Jude and I went home after dinner. The House sat till ten past three this morning, finally adjourning after Lord Vivian had given statistics about the number of peers who attend the House daily, and Lord Falconer had asserted that changes under the Act would make the place more independent. They’re going on with the debate today. Easter is coming, the House will rise tomorrow until 12 April, and soon after we shall be at committee stage. Jude has taken two days off and we are going up to Yorkshire to take a look at Henry’s birthplace by invitation of the owner.
Jude is nearly eight years younger than I am, which puts her still very much on the right side of forty. Those few years are precious to her because they mean she still has a chance of a baby. Unlike Amelia Nanther, Jude has no trouble conceiving. It’s carrying a child beyond two or three months that seems impossible for her. I’ve a son from my first marriage, Paul my heir, who in his turn has sat on the steps of the throne. If a child comes I’ll be happy for Jude’s sake. I’d like to see her joy and I do sometimes imagine the things she’d say and the plans she’d make and her face lit up with happiness. But I don’t long for a child in the way she does, and in my heart I don’t believe there’ll ever be one. Jude conceived three years ago but miscarried at eight weeks, conceived again and lost the baby at three months. She’s recently been trying a new treatment but it isn’t working or hasn’t worked yet, I can tell by her face. She’s sitting opposite me in the train, on the side where they have single seats with a table in between, and although she appears perfectly healthy and not pale or unwell, she has that set look about the mouth and misery in her eyes that indicate her period has come.

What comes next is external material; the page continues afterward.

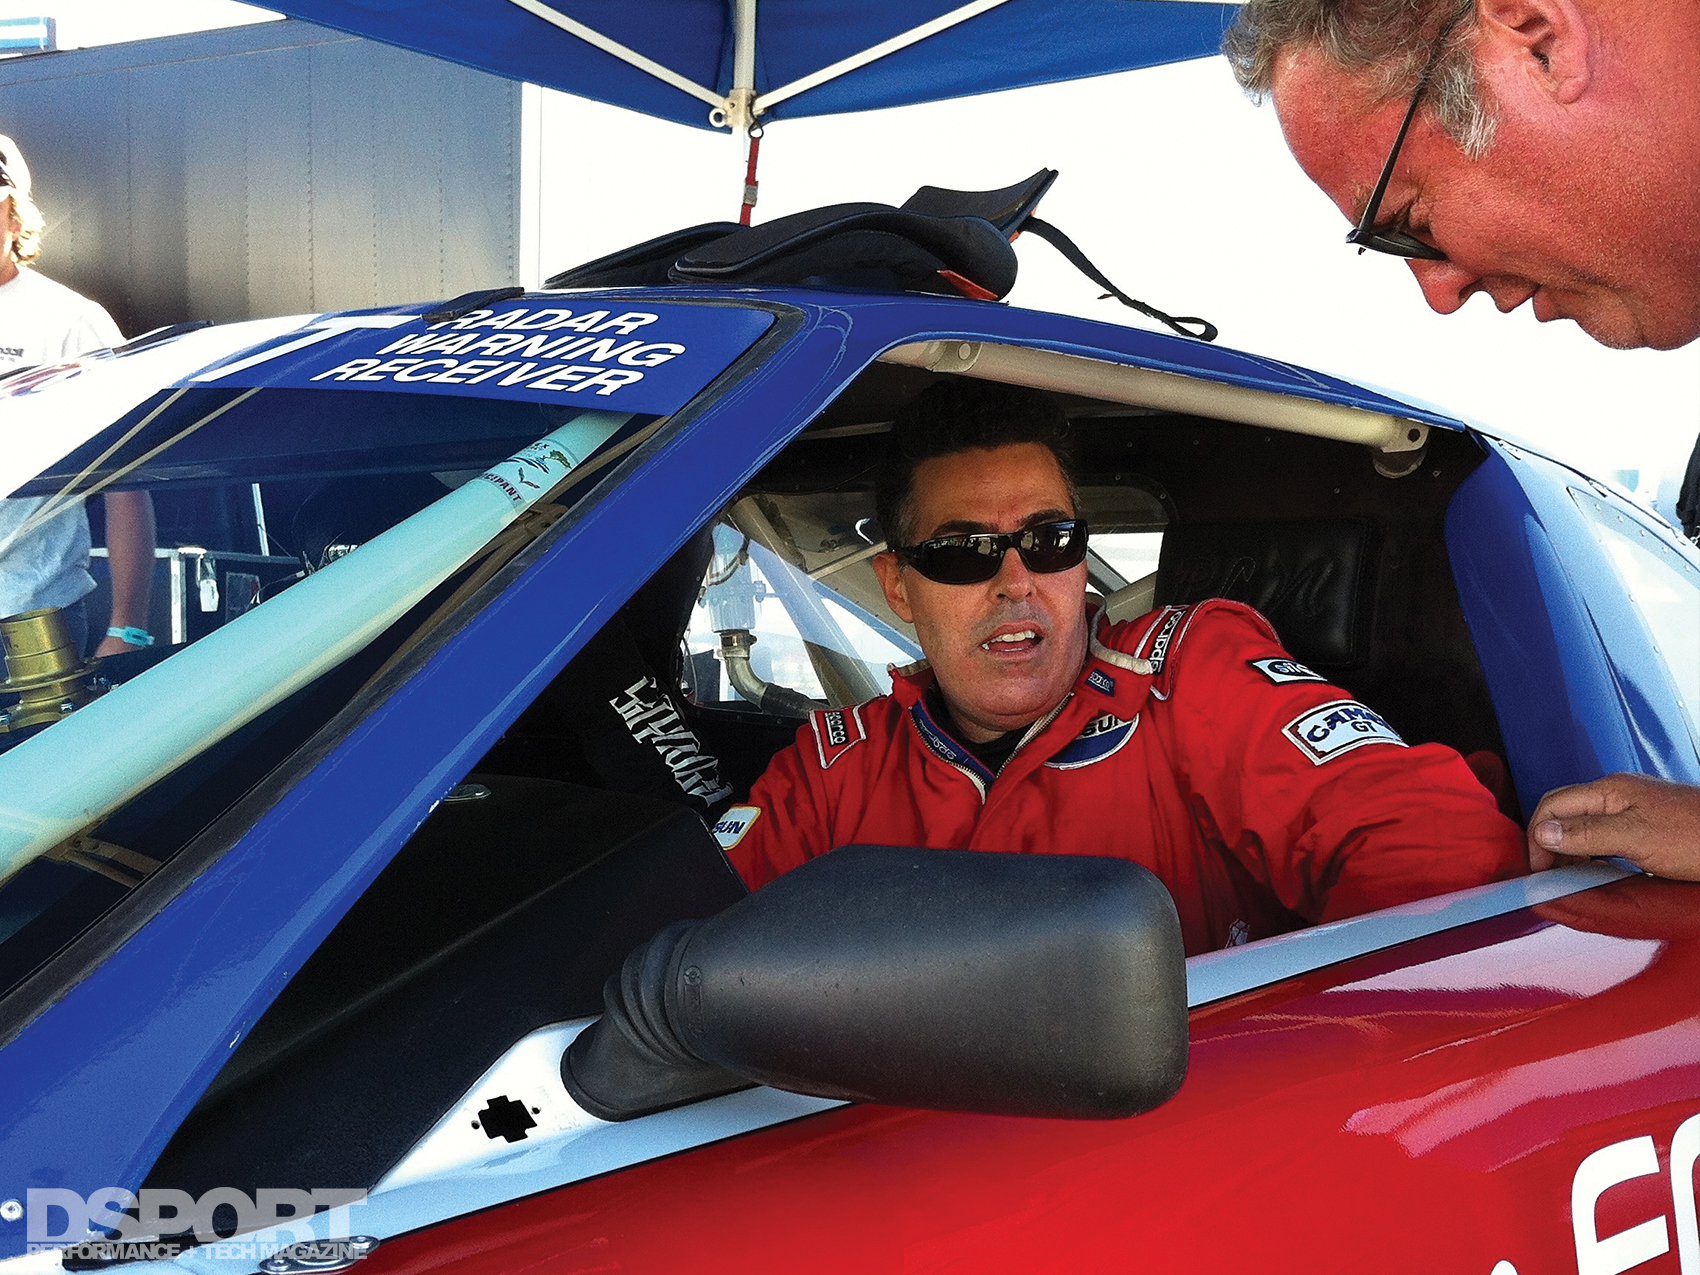 Paul Newman S Datsun 200sx Racecar Returns To The Tarmac
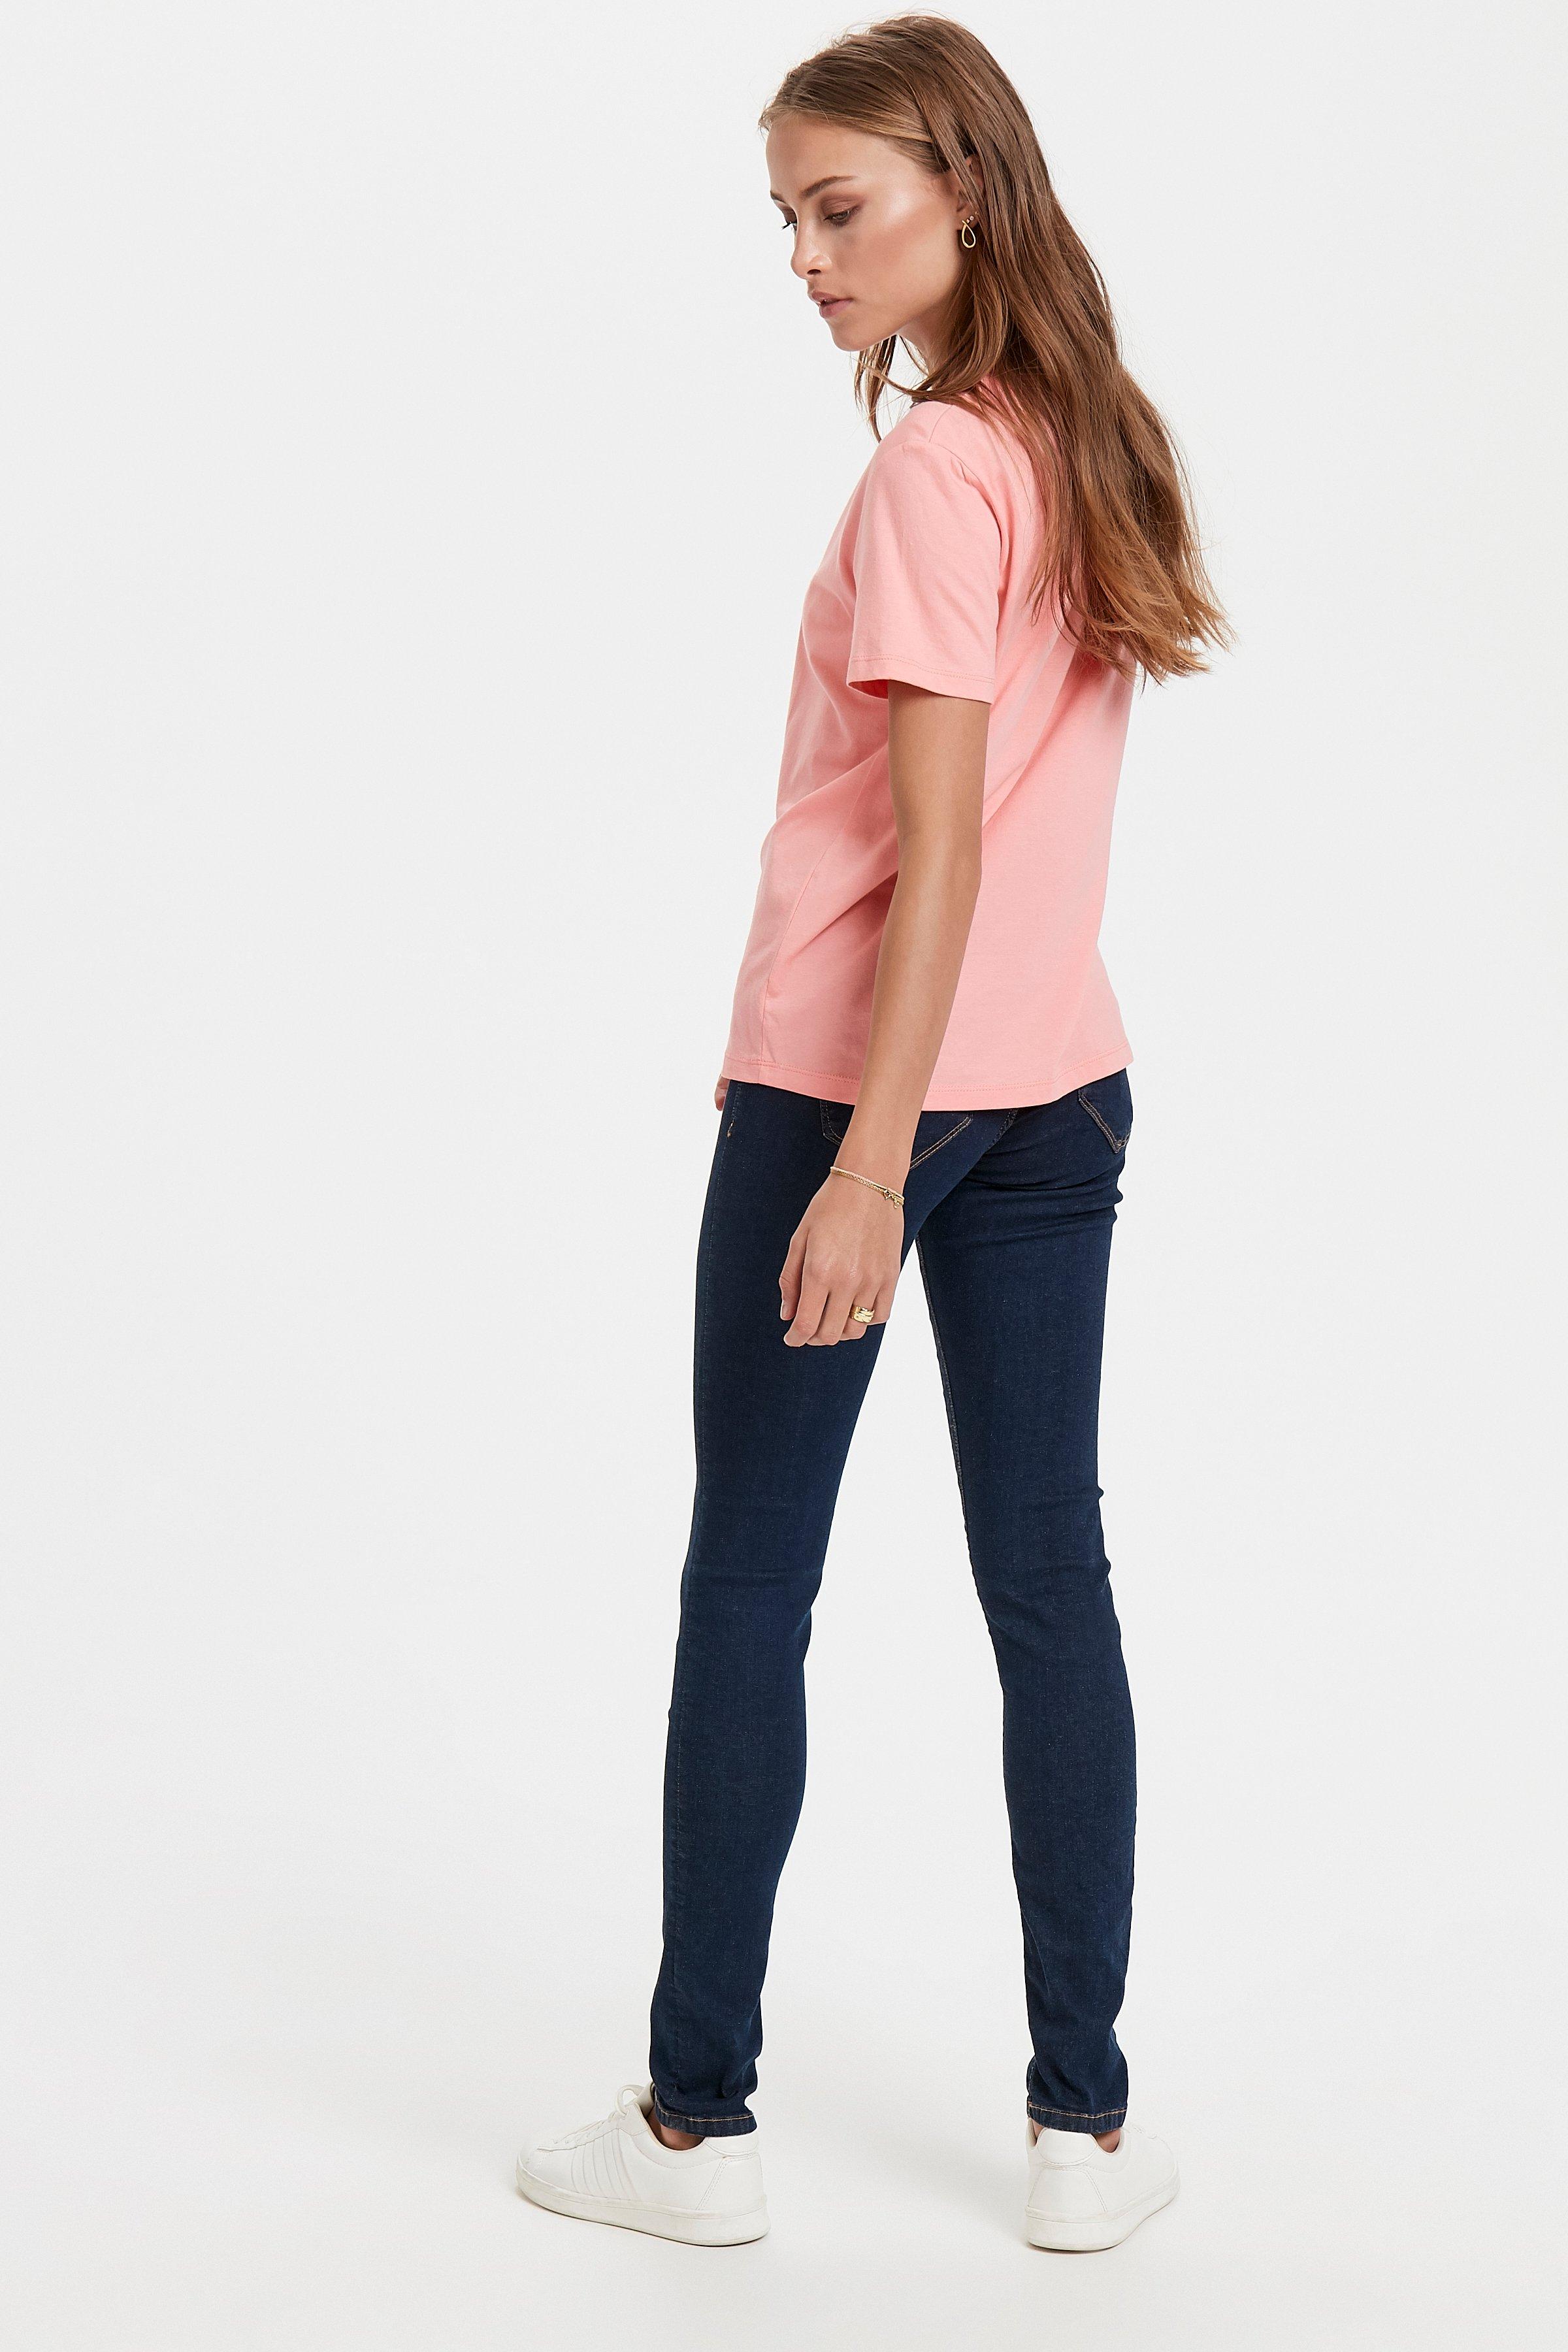 Salmon Rose T-shirt – Køb Salmon Rose T-shirt fra str. XS-XL her

There’s a kind of parallel there with the way women behaved in the 1840s, menstruation being the forbidden subject. Presumably, Amelia had some form of words in which to tell Henry Thomas she’d be ‘unwell’ for the coming five or six days, but her diffidence came from prudishness and female delicacy. Jude doesn’t tell me because she can’t bear to mention it, she can’t use the word, any of those words that mean another month’s gone by and by the time one more has passed she’ll be thirty-seven. I think she believes I secretly mind but hide my disappointment for her sake. No amount of assuring her of my indifference helps. When we were first together and then when we were first married I’d see the box of Tampax lying about in the bathroom or the cardboard tube floating in the lavatory pan, but now she hides the evidence as if she really is living in some past time. The only sign of her period is in her unhappy eyes.